-------- MATERIAL FOR THIS TASK --------

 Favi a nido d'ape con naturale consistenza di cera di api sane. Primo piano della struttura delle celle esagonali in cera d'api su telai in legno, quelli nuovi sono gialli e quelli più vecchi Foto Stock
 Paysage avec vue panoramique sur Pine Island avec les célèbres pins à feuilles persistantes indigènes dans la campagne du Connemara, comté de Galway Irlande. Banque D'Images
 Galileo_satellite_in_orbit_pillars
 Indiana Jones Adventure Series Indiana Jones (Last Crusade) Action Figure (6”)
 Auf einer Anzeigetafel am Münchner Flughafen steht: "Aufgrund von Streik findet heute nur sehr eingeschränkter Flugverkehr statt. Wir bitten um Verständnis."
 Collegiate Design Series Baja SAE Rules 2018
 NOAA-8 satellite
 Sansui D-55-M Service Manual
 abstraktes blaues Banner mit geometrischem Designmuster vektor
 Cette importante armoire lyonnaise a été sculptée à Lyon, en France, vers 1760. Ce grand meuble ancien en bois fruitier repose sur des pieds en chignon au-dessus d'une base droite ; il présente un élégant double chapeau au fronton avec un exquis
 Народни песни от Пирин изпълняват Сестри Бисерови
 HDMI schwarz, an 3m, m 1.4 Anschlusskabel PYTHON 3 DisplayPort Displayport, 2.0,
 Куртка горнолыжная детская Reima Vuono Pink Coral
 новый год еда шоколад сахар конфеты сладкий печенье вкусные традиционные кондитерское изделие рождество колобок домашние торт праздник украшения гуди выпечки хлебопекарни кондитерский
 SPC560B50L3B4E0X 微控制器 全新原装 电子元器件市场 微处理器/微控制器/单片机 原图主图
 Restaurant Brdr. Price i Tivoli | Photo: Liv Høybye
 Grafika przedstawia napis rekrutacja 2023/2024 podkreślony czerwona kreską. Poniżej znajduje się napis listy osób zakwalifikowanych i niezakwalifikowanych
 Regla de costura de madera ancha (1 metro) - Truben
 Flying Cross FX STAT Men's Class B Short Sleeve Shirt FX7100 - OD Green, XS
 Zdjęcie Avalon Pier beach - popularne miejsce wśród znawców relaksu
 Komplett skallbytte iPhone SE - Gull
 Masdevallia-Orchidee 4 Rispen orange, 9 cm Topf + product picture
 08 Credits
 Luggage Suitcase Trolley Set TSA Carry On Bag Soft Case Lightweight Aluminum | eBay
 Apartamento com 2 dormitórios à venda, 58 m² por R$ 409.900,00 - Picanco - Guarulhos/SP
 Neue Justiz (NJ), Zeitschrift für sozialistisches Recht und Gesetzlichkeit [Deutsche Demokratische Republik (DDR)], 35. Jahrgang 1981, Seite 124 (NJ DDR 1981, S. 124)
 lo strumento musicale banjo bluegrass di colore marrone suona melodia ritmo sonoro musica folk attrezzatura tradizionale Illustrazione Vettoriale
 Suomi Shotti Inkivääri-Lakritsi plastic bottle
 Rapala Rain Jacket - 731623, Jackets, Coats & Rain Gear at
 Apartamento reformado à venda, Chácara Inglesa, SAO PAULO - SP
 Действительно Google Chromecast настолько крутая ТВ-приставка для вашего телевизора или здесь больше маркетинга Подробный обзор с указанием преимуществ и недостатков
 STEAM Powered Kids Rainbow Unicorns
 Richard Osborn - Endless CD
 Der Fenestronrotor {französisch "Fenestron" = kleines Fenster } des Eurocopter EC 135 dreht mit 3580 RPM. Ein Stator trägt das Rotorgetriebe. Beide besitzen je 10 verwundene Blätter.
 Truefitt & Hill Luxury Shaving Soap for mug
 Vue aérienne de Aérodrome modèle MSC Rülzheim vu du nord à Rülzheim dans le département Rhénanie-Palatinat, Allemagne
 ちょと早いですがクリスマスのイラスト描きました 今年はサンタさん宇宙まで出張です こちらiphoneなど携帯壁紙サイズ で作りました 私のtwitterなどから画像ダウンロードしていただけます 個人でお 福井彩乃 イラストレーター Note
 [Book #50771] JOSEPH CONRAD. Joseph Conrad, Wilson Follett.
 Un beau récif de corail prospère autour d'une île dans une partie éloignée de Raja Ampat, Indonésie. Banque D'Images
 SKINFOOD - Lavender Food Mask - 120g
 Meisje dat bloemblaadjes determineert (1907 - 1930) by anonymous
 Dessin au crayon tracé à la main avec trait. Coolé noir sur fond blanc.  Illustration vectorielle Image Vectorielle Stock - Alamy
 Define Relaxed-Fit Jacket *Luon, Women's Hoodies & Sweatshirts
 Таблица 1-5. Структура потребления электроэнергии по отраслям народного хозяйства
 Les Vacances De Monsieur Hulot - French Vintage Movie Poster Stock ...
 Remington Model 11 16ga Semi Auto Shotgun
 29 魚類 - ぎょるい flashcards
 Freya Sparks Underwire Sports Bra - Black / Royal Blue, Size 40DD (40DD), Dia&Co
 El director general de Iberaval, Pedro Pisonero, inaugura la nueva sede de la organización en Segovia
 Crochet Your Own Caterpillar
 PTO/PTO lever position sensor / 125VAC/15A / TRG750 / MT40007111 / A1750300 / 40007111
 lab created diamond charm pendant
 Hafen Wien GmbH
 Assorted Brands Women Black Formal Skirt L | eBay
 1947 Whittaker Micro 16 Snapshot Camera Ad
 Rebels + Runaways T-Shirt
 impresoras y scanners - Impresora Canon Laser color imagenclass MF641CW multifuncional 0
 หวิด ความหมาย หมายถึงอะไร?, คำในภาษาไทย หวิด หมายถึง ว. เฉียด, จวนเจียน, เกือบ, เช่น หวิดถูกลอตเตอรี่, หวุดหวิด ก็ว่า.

--------

EXERCISE GOAL
From the line that contains "Richard Osborn - Endless CD" down to the final line of the entries, print every line exactly as it is, and only those lines.

RESULT FOR THIS EXERCISE
 Richard Osborn - Endless CD
 Der Fenestronrotor {französisch "Fenestron" = kleines Fenster } des Eurocopter EC 135 dreht mit 3580 RPM. Ein Stator trägt das Rotorgetriebe. Beide besitzen je 10 verwundene Blätter.
 Truefitt & Hill Luxury Shaving Soap for mug
 Vue aérienne de Aérodrome modèle MSC Rülzheim vu du nord à Rülzheim dans le département Rhénanie-Palatinat, Allemagne
 ちょと早いですがクリスマスのイラスト描きました 今年はサンタさん宇宙まで出張です こちらiphoneなど携帯壁紙サイズ で作りました 私のtwitterなどから画像ダウンロードしていただけます 個人でお 福井彩乃 イラストレーター Note
 [Book #50771] JOSEPH CONRAD. Joseph Conrad, Wilson Follett.
 Un beau récif de corail prospère autour d'une île dans une partie éloignée de Raja Ampat, Indonésie. Banque D'Images
 SKINFOOD - Lavender Food Mask - 120g
 Meisje dat bloemblaadjes determineert (1907 - 1930) by anonymous
 Dessin au crayon tracé à la main avec trait. Coolé noir sur fond blanc.  Illustration vectorielle Image Vectorielle Stock - Alamy
 Define Relaxed-Fit Jacket *Luon, Women's Hoodies & Sweatshirts
 Таблица 1-5. Структура потребления электроэнергии по отраслям народного хозяйства
 Les Vacances De Monsieur Hulot - French Vintage Movie Poster Stock ...
 Remington Model 11 16ga Semi Auto Shotgun
 29 魚類 - ぎょるい flashcards
 Freya Sparks Underwire Sports Bra - Black / Royal Blue, Size 40DD (40DD), Dia&Co
 El director general de Iberaval, Pedro Pisonero, inaugura la nueva sede de la organización en Segovia
 Crochet Your Own Caterpillar
 PTO/PTO lever position sensor / 125VAC/15A / TRG750 / MT40007111 / A1750300 / 40007111
 lab created diamond charm pendant
 Hafen Wien GmbH
 Assorted Brands Women Black Formal Skirt L | eBay
 1947 Whittaker Micro 16 Snapshot Camera Ad
 Rebels + Runaways T-Shirt
 impresoras y scanners - Impresora Canon Laser color imagenclass MF641CW multifuncional 0
 หวิด ความหมาย หมายถึงอะไร?, คำในภาษาไทย หวิด หมายถึง ว. เฉียด, จวนเจียน, เกือบ, เช่น หวิดถูกลอตเตอรี่, หวุดหวิด ก็ว่า.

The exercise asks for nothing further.